**YOUR OBJECTIVE:** From the line holding "BeyondArctic-Toimipiste2-KotaCollectivePhoto.jpg" through the line holding "Dries Van Noten" below, write out every line exactly; include both of those lines and drop the pictures.
──────── RECORDS SHOWN ────────
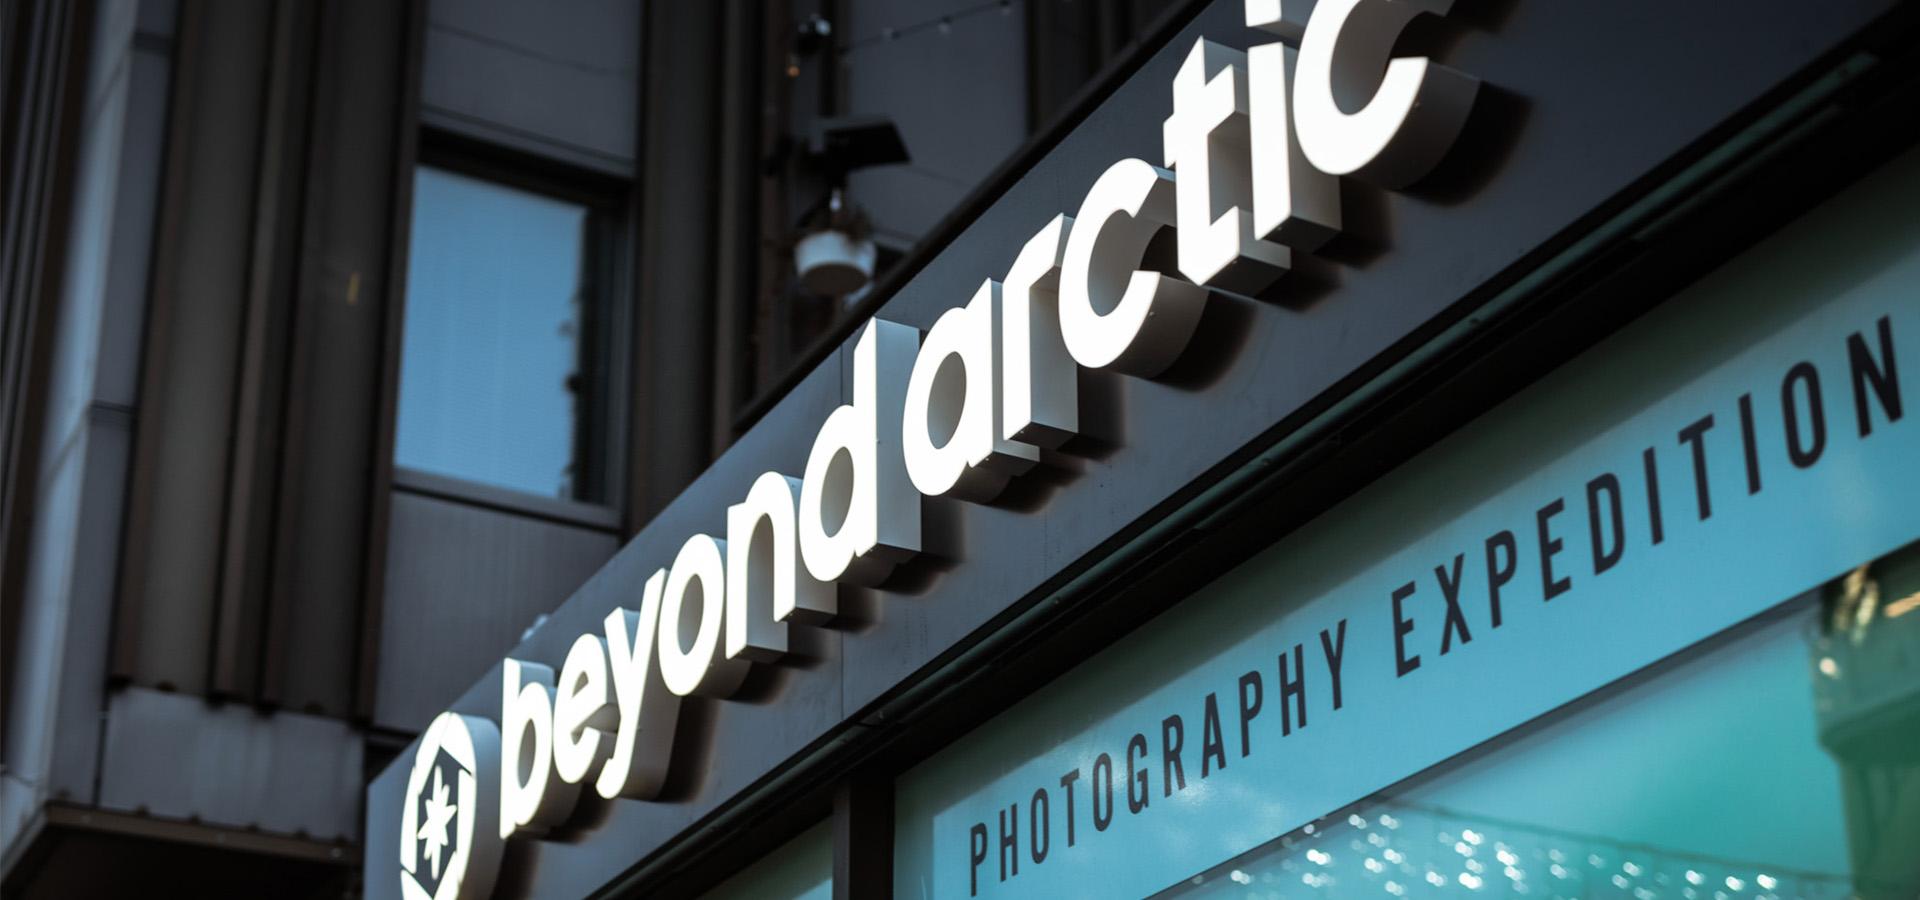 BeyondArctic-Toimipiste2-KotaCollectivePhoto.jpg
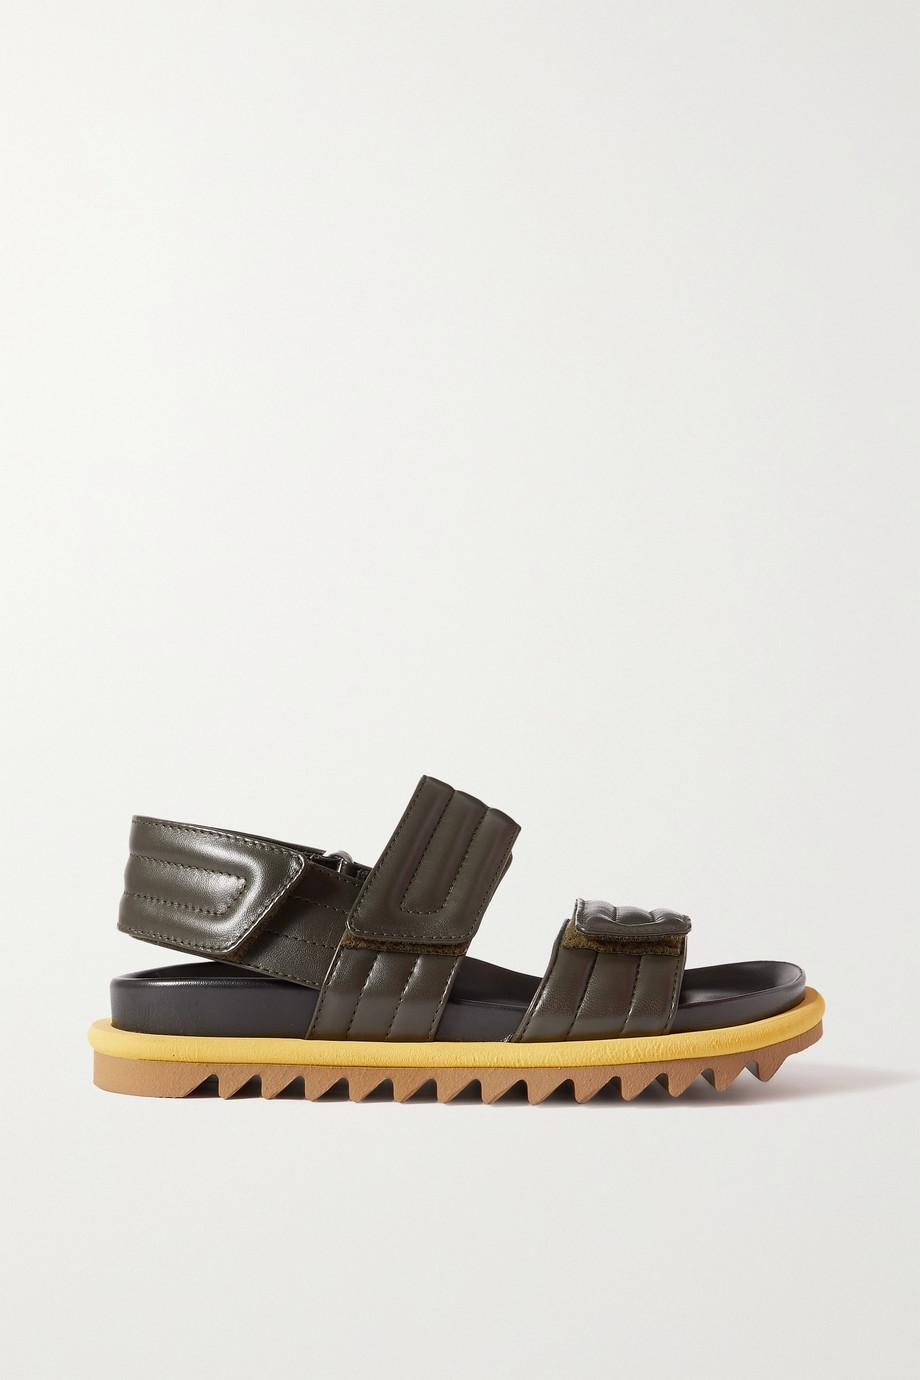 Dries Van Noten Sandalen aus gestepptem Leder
────────
──────── RECORDS SHOWN ────────
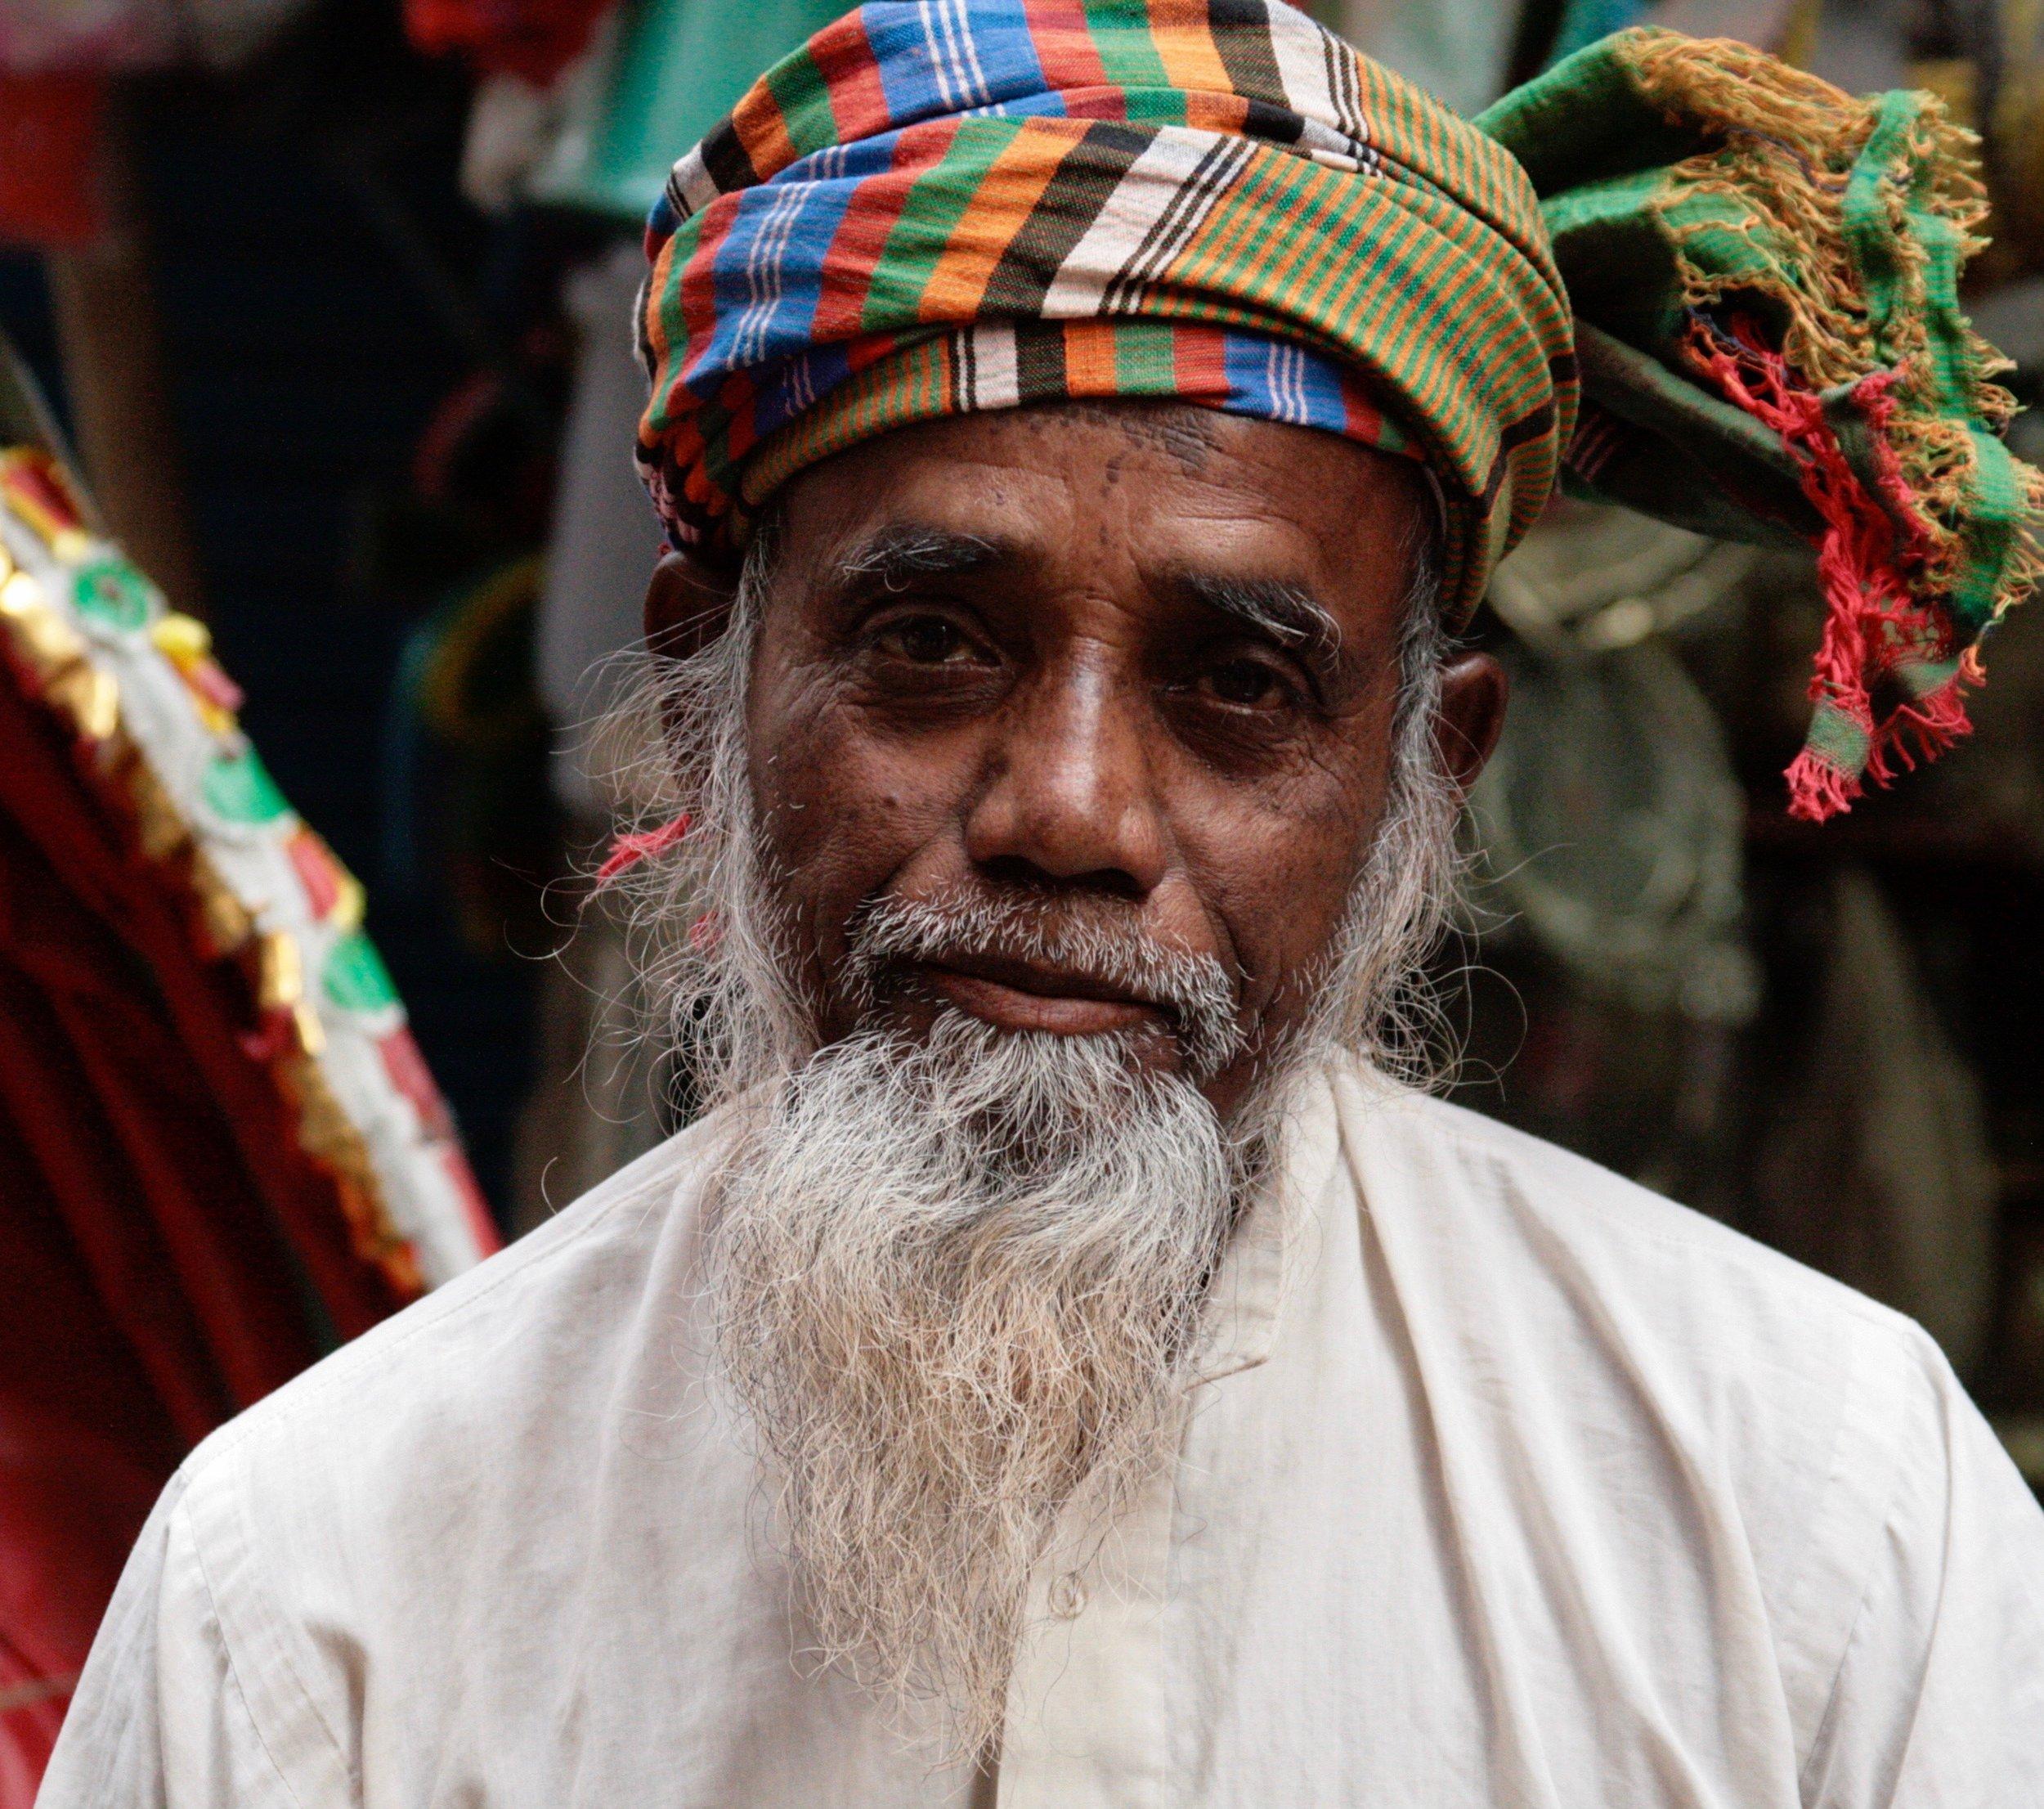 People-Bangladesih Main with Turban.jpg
────────
**ANSWER SPACE:**
 BeyondArctic-Toimipiste2-KotaCollectivePhoto.jpg
 Dries Van Noten Sandalen aus gestepptem Leder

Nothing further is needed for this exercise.